There are about a dozen independent websites for the Egyptian stock market. Some have grown so popular that market-oriented chat rooms reach their occupancy moments after the market’s opening bell. The quality of chat and forum postings varies, from verified news stories to baseless rumors. It’s permissible to exchange such views in a free market. However, the stock exchange monitors these websites, and follows up rumors with company officials to verify their accuracy.
None of this constitutes illegal insider trading. While CEOs revealing new company information in a chat room without first informing the CASE might find themselves in violation of disclosure rules, the information being discussed in chat rooms exists in the public realm.

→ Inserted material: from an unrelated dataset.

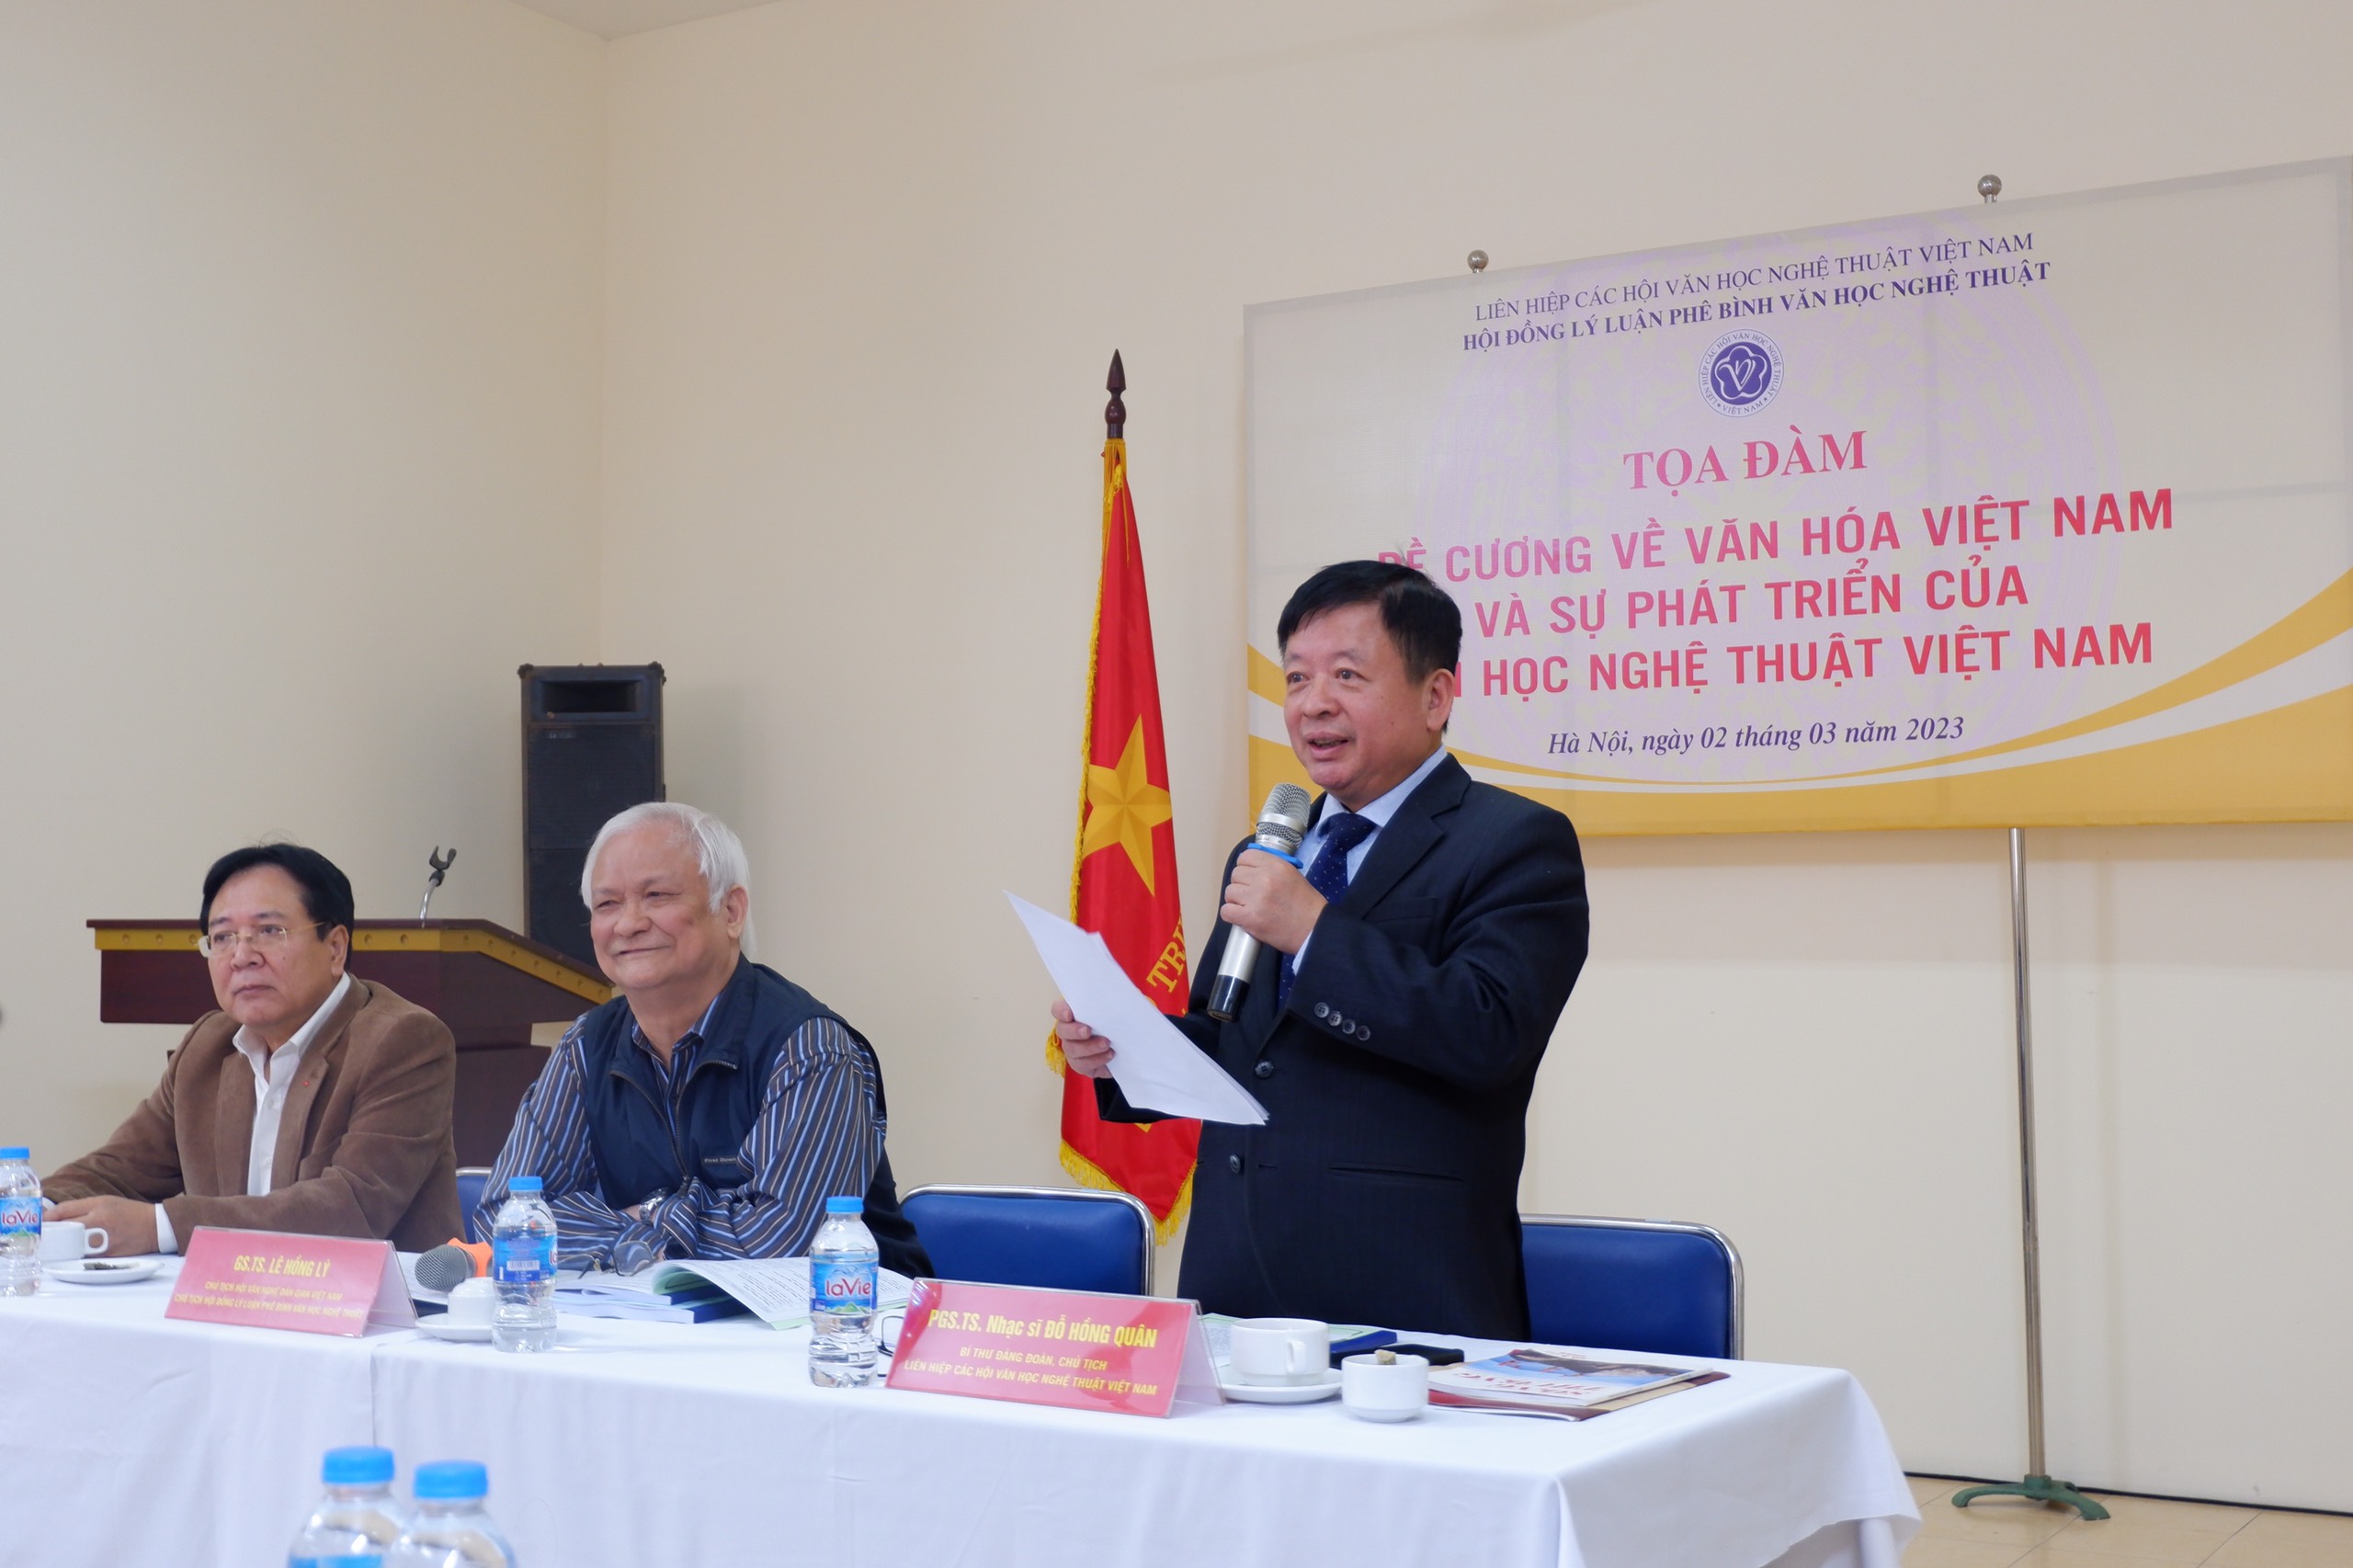 Đề cương về văn hóa Việt Nam: Tiền đề phát triển văn học nghệ thuật trong giai đoạn mới - 2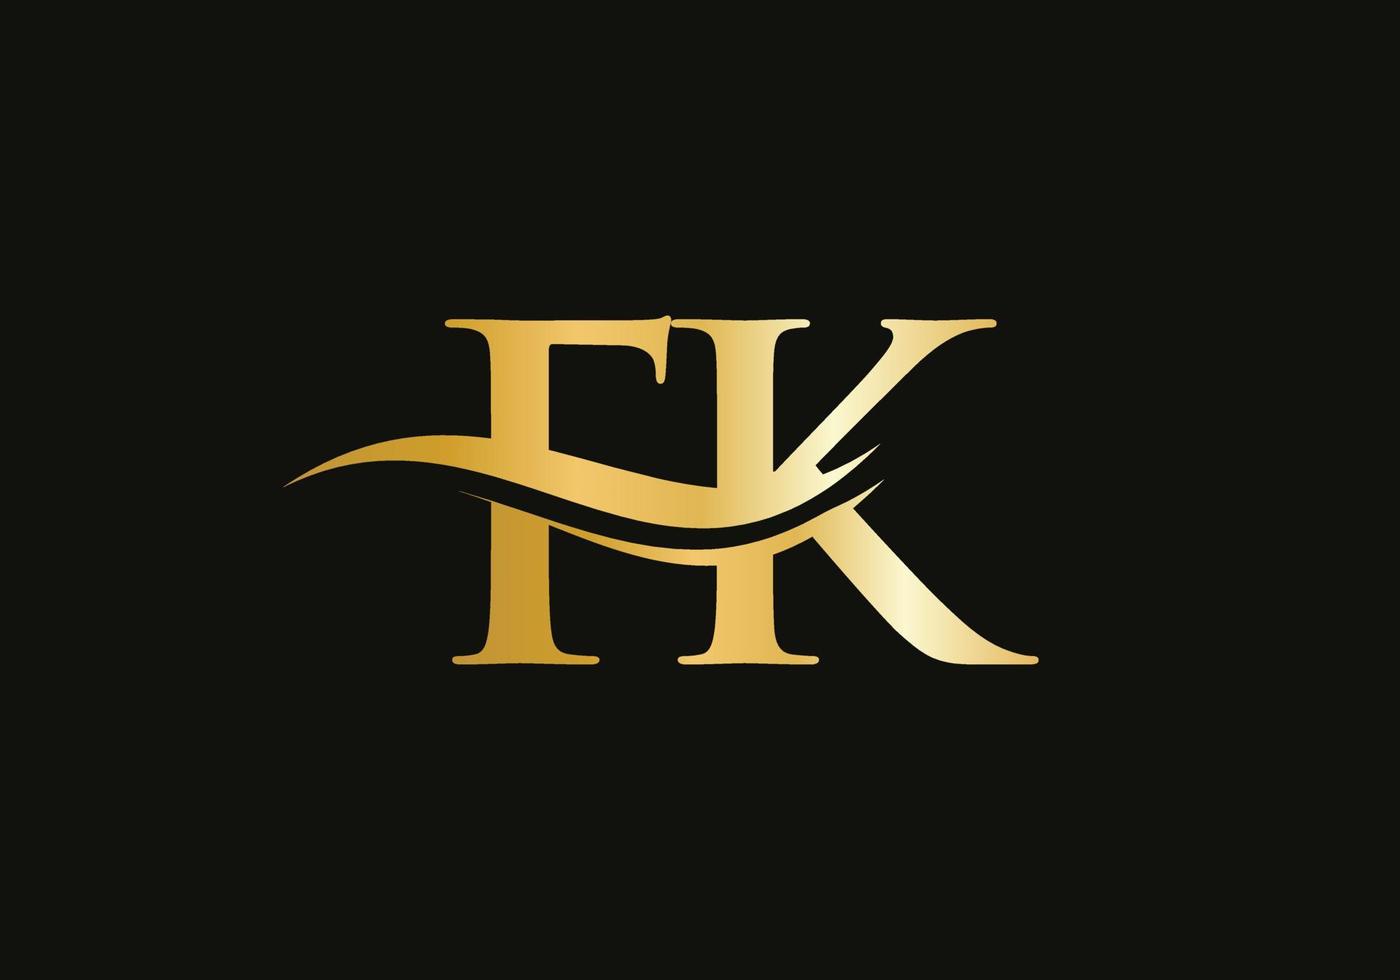 création de logo fk moderne pour l'identité de l'entreprise et de l'entreprise. lettre fk créative avec concept de luxe vecteur

But another scheme, whereby investors work together to trade in heavy volumes to drive up a stock price in order to profit, is certainly illegal. People who are unaware of the conspiracy, or even those who suspect a plot and still buy what they perceive as a hot stock, usually get burned. Once the skyrocketing stock lures enough investor interest, the conspirators dump the stock, causing the price to plummet. Suddenly the stock is worth a fraction of the amount it was bought for, and scores of investors eventually sell their shares for a loss.
Manipulating a stock price for a blue-chip company is unlikely considering the huge volumes traded daily, but is more feasible for thinly traded “penny stocks.”
Securing a conviction is a matter of proving the suspect had the intent and capability to manipulate share price. Egypt’s capital market legislation allows the stock exchange to suspend the trading of individuals guilty of price manipulation. In addition, they can be imprisoned for a maximum of five years, and/or fined between LE 50,000 and LE 100,000.